- What this task involves -
Transcribe the full listing exactly, and drop every picture.

- Data extract -
━━━━

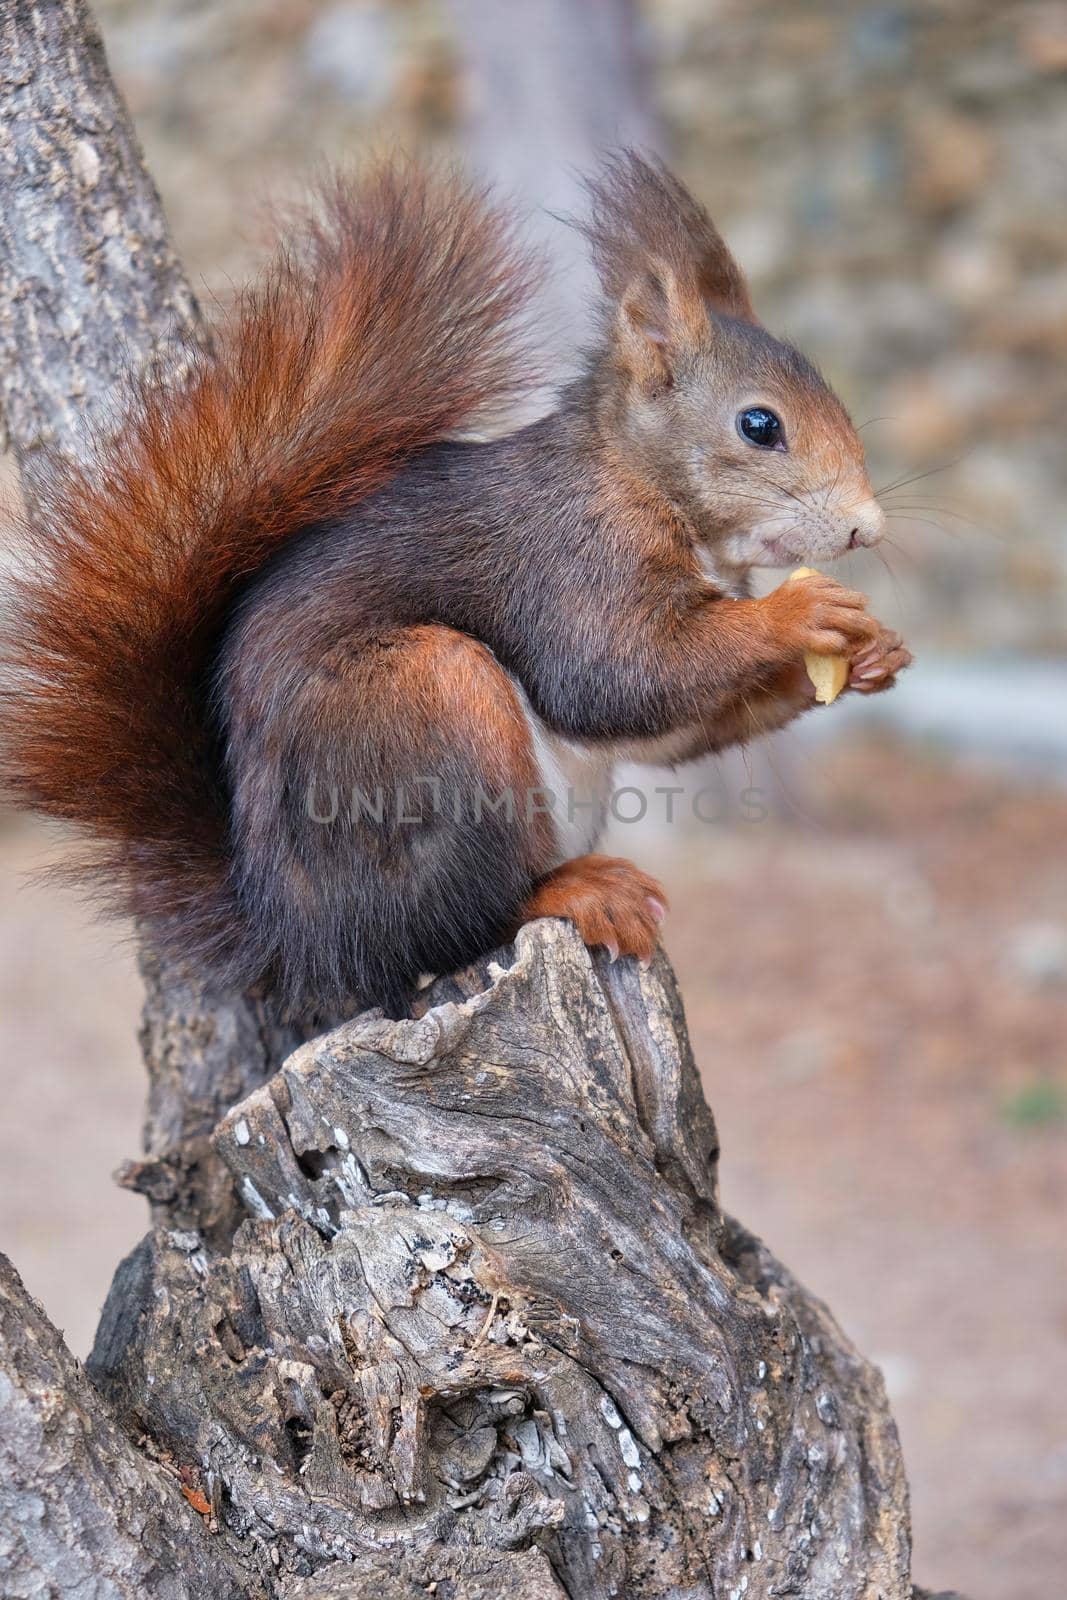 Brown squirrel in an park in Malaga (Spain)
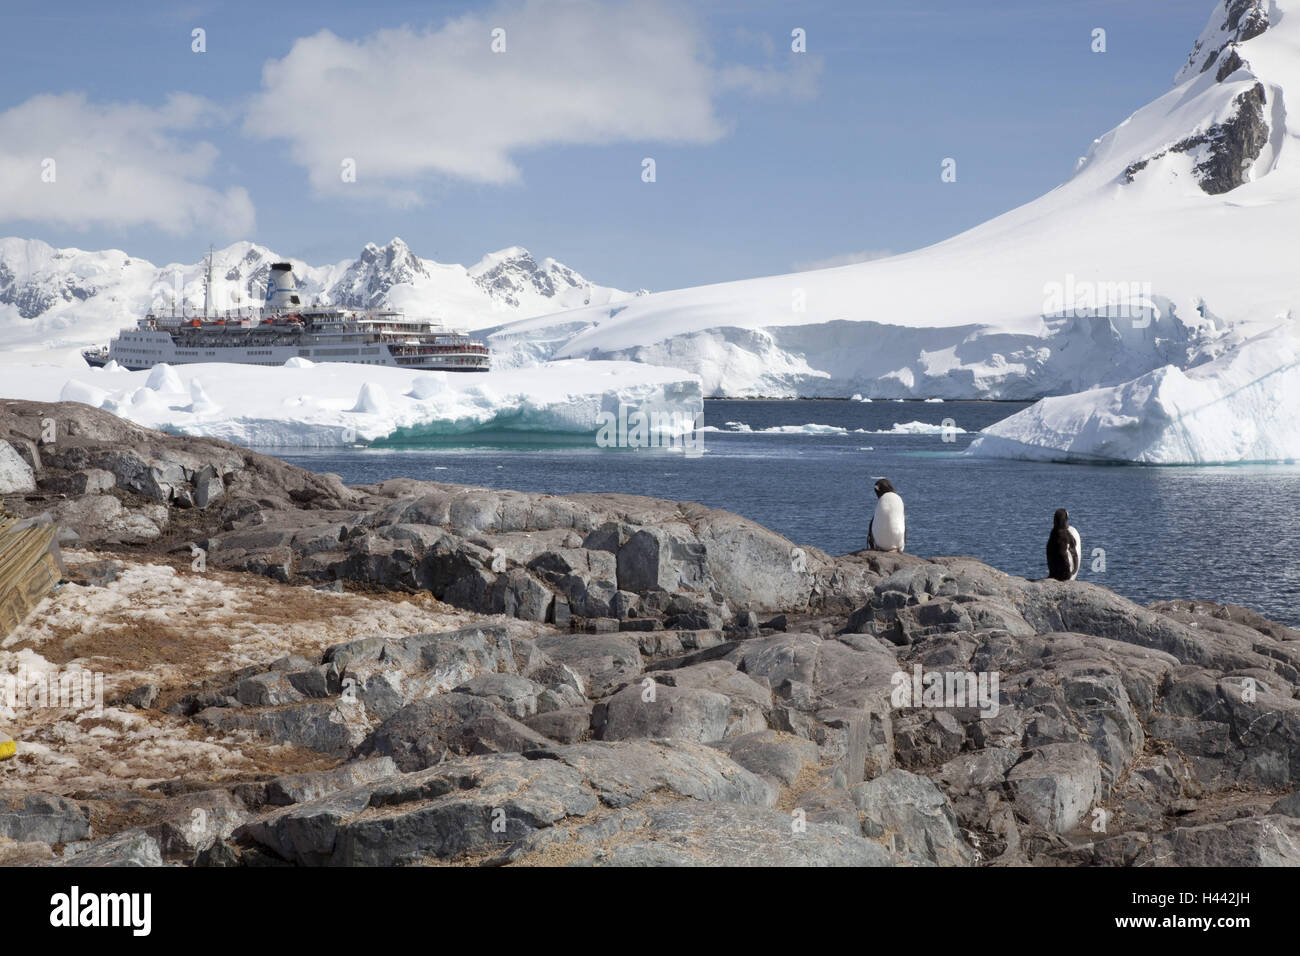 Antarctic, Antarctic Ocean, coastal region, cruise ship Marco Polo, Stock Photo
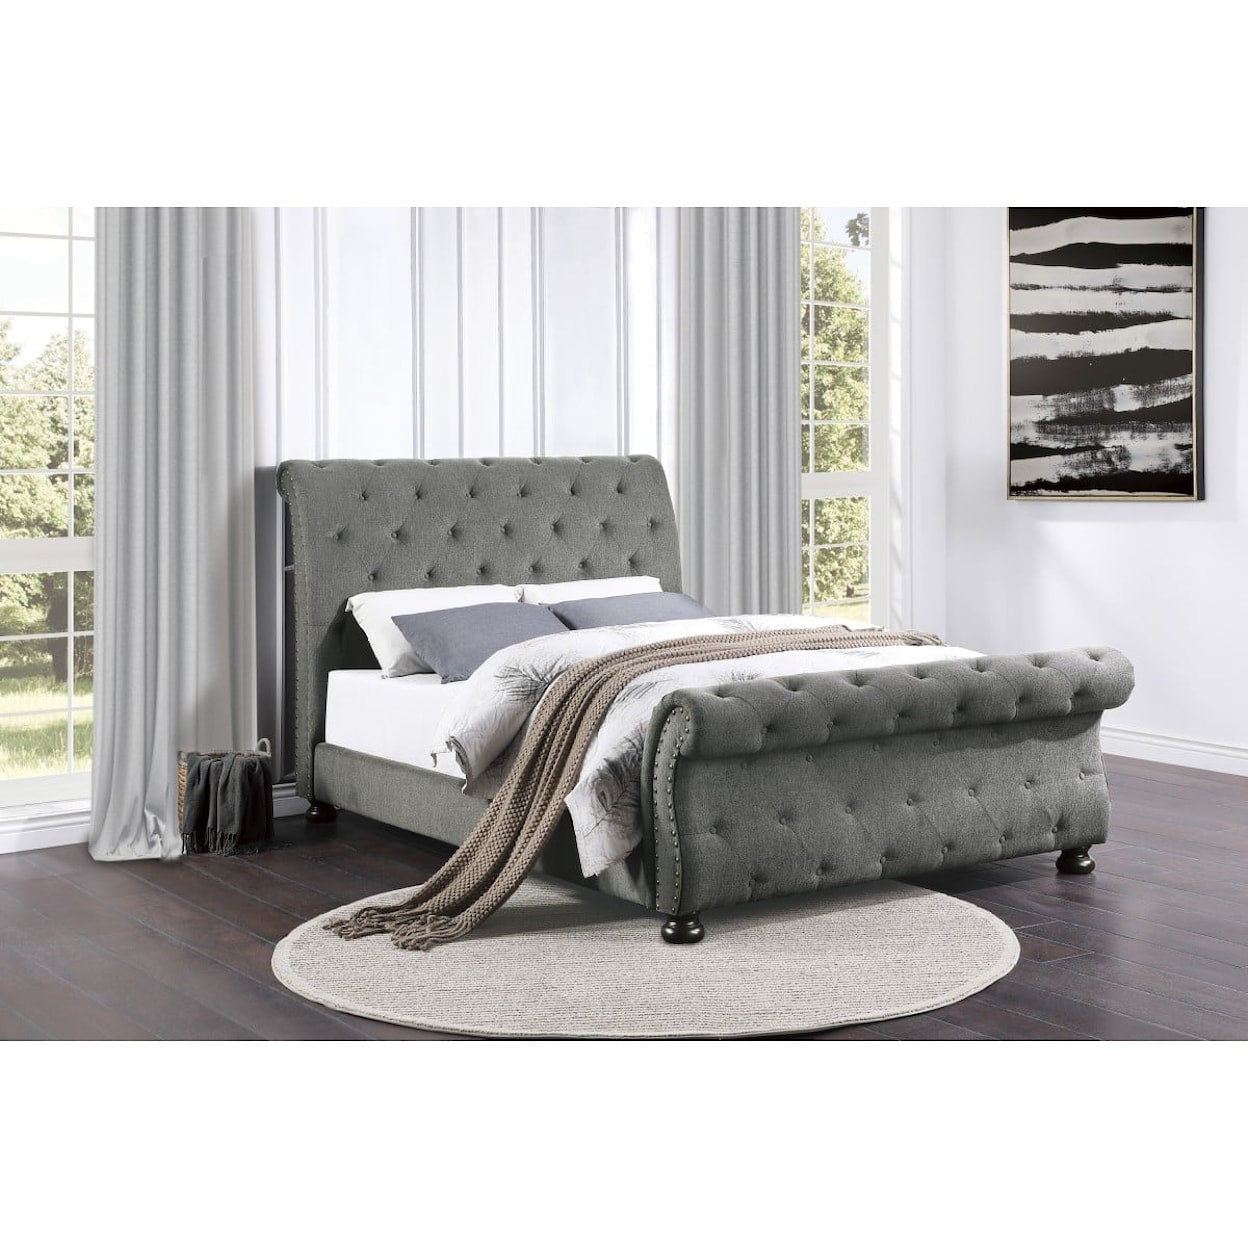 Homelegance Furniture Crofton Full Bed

━━━━

- Response to the task -
 Brown squirrel in an park in Malaga (Spain)
 Antarctic, Antarctic Ocean, coastal region, cruise ship Marco Polo, Stock Photo
 Homelegance Furniture Crofton Full Bed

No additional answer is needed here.